Tuesday, June 24, 2008

Pizza’s fielding system: OPA!

By Tangotiger, 10:42 AM

As Pizza and I fight over the best-sounding fielding system (WOWY v OPA!), he offers some background as followup to his introduction last week.

Gotta admit, while wowee is good, it’s really something that kids would say; opa is something that adults say, and with pride around plenty of other adults.


#1    MGL      (see all posts) 2008/06/24 (Tue) @ 14:07

I read his articles and the system looks like a good one using non-PBP data.  I especially like the idea of breaking up the evaluation into three categories, range, arm, and hands, although ultimately, of course, it does matter how a fielder gets the job done.  It does, however, allow us to get a handle on what makes the various fielders good or bad (or in between).  For example, Jeter has always had excellent hands and arm strength and accuracy.  What makes him a bad fielder is only his range.  If you just look at one number (like UZR, or Dewan’s plus minus, or ZR, etc.), you would not necessarily know this.  Again, it does not make a difference in terms of how many runs a fielder saves or costs, but it is interesting to know.

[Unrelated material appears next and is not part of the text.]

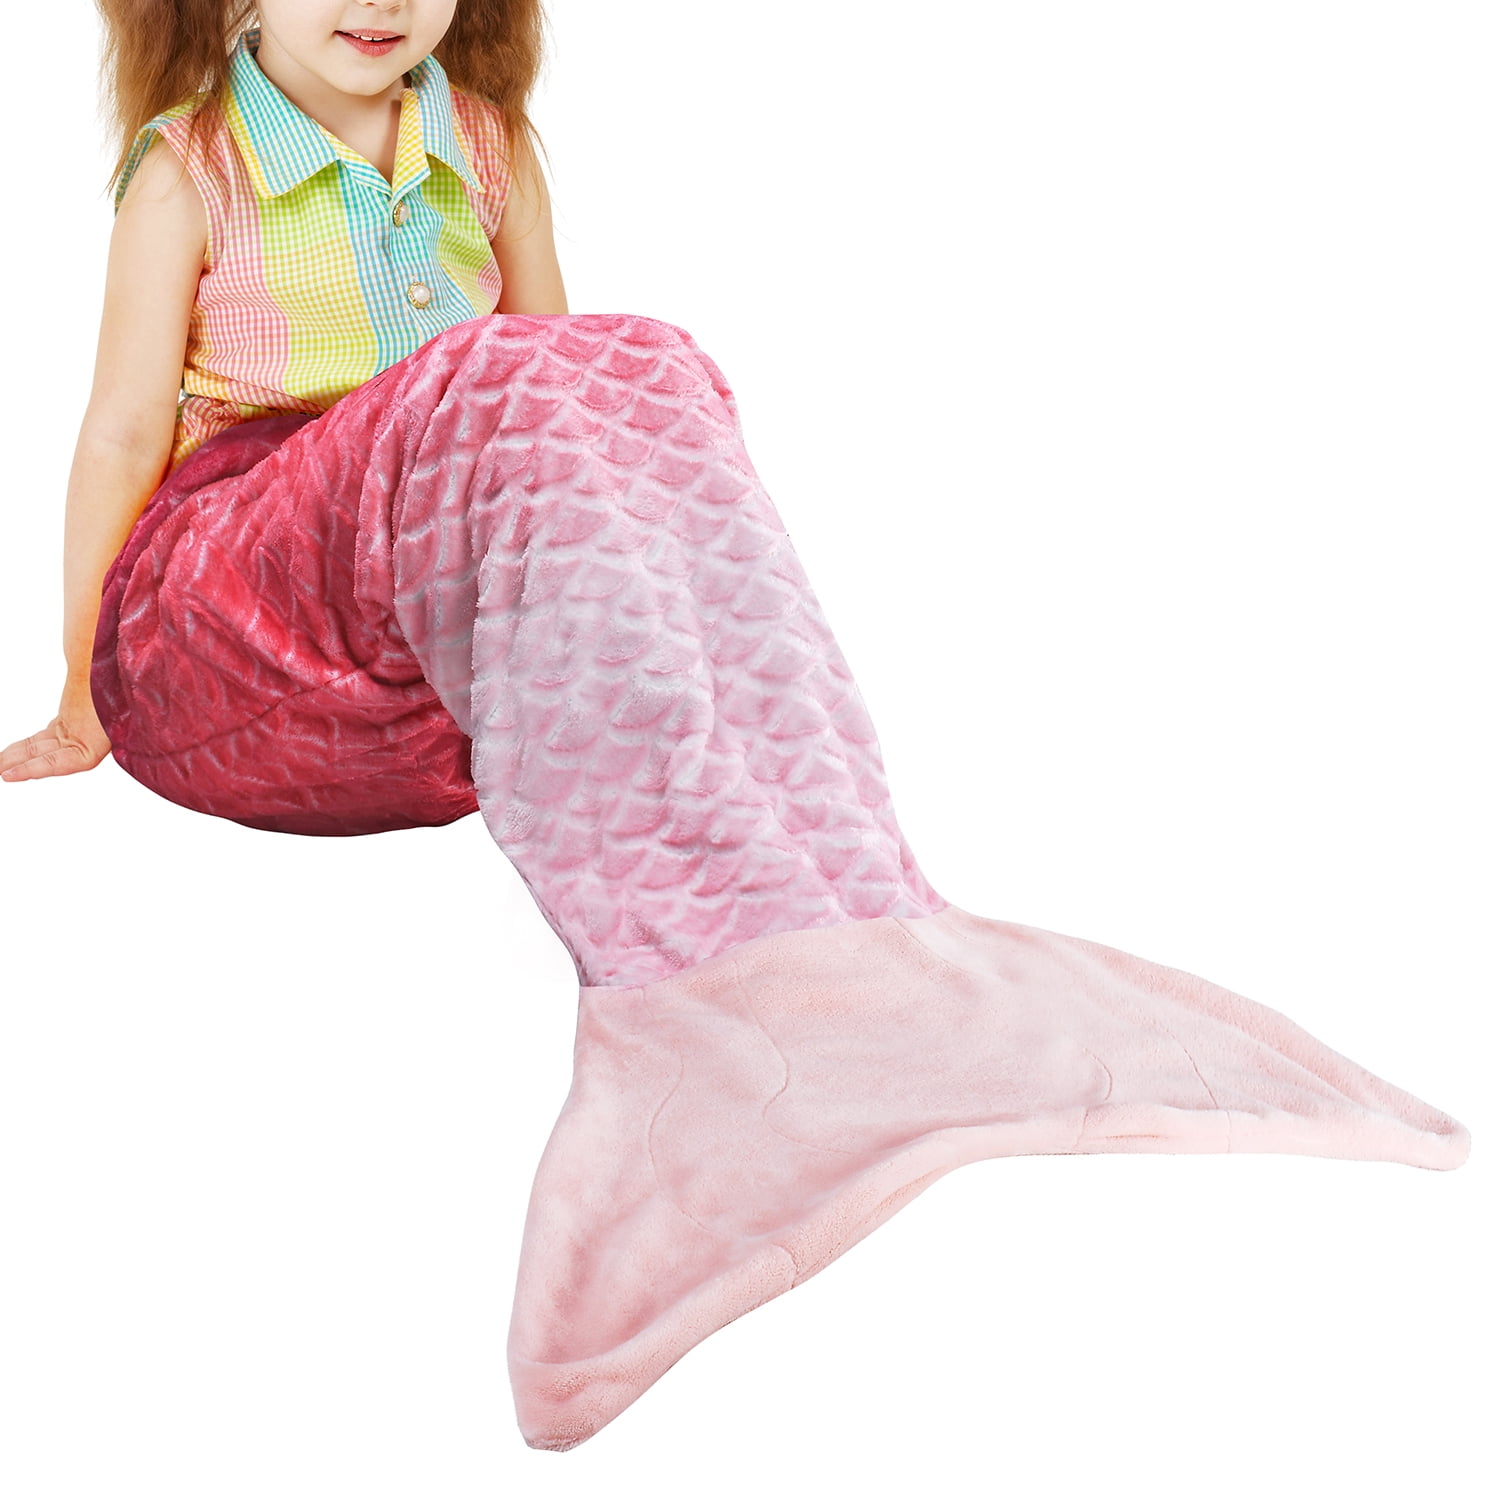 Viviland Kids Mermaid Tail Blanket for Girls Toddlers Teens,All Seasons Super Comfty Flannel Fleece Mermaid Sleeping Bag,Rainbow Mermaid Blanket,Best Gifts for Girls,17×39

Actually there is some use for breaking a fielder’s skills and performance down into those categories.  One, there is probably a different aging curve for the various skills (e.g., a recent article by someone - I forgot who - suggested that “hands” skill peaks much later than range skill), and two, there is probably a different regression for each skill, for example, hands has more ‘luck’ than range, as well as the fact that everything should be probably be regressed separately, as I don’t think there is a whole lot of positive correlation between a player’s range, hands, and arm, and in fact, there may be some negative correlations, as Pizza suggests in his article.

However, let’s no forget that this is a non-PBP system, and by definition, it cannot hold a candle to a PBP one.  So, for Pizza to say that Jeter is vindicated (although he does say “at least according to my system,” or something like that) is a bit disingenuous for two reasons:  One, as I said, if the PBP systems say that Jeter is -20 and Pizza’s system says that Jeter is -8, the PBP systems trump Pizza’s.  And two, the “other” defensive analysts have said that Jeter IS a terrible fielder, which means that the data over the last 5 years or so indicate that he is a terrible fielder, not that his performance according to the data was necessarily terrible in any one year.  If Pizza’s system has Jeter as an average -8 outs per year over the last 5 years, then he can say that his system indicates that Jeter is NOT a terrible fielder.  I doubt that that is the case.  And even if it is, the PBP ratings necessarily trump his.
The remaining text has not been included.